[ENTRIES SUPPLIED — start]

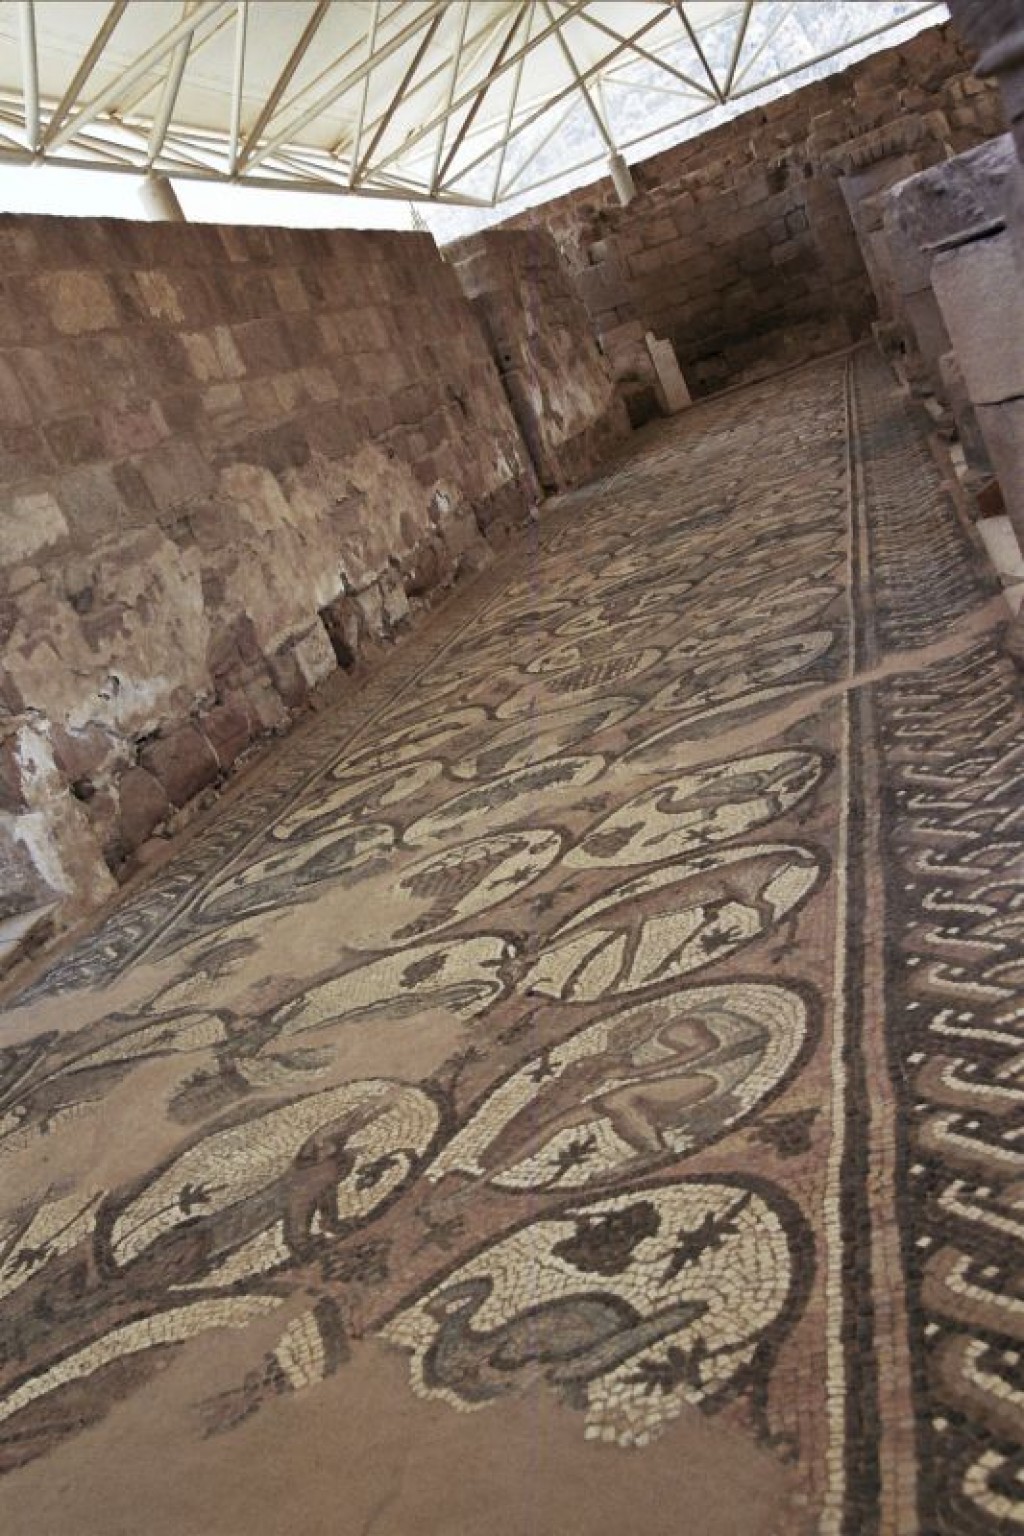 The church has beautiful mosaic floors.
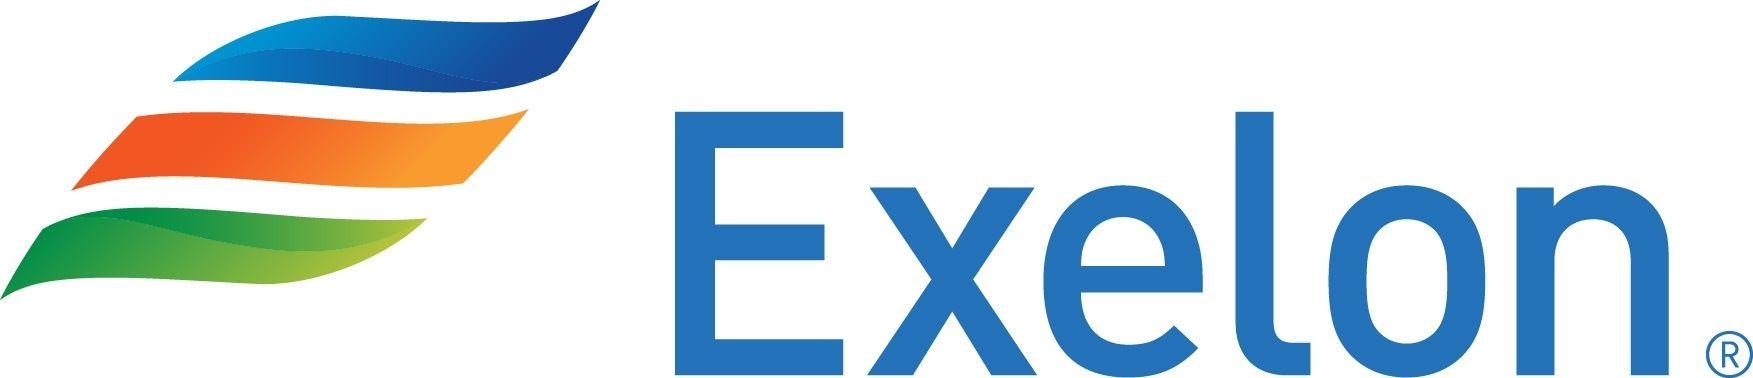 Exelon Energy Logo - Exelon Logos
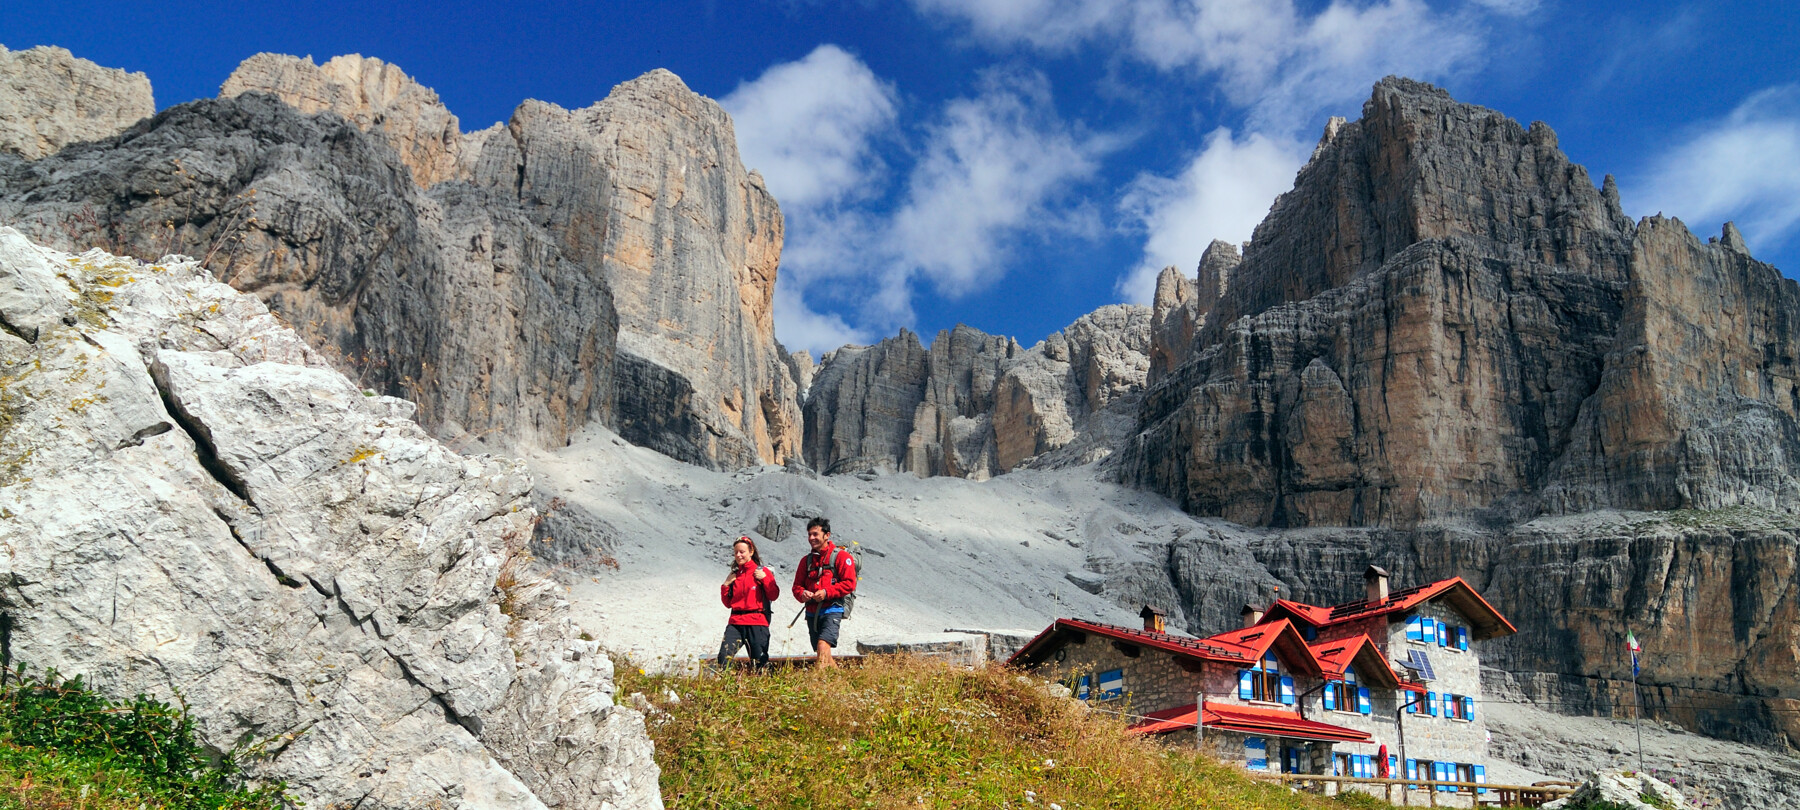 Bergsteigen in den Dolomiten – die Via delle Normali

[ENTRIES SUPPLIED — finish]
[ENTRIES SUPPLIED — start]

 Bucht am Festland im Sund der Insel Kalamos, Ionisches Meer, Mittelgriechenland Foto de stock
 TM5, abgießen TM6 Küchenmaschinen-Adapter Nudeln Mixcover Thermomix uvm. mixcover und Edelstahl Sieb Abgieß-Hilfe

[ENTRIES SUPPLIED — finish]

REQUIRED WORK: In the data above, find the line containing "The church has beautiful mosaic floors." and the line containing "Bergsteigen in den". Repeat those two lines and everything between them exactly, minus the pictures.

ANSWER SECTION:
 The church has beautiful mosaic floors.
 Exelon Energy Logo - Exelon Logos
 Bergsteigen in den Dolomiten – die Via delle Normali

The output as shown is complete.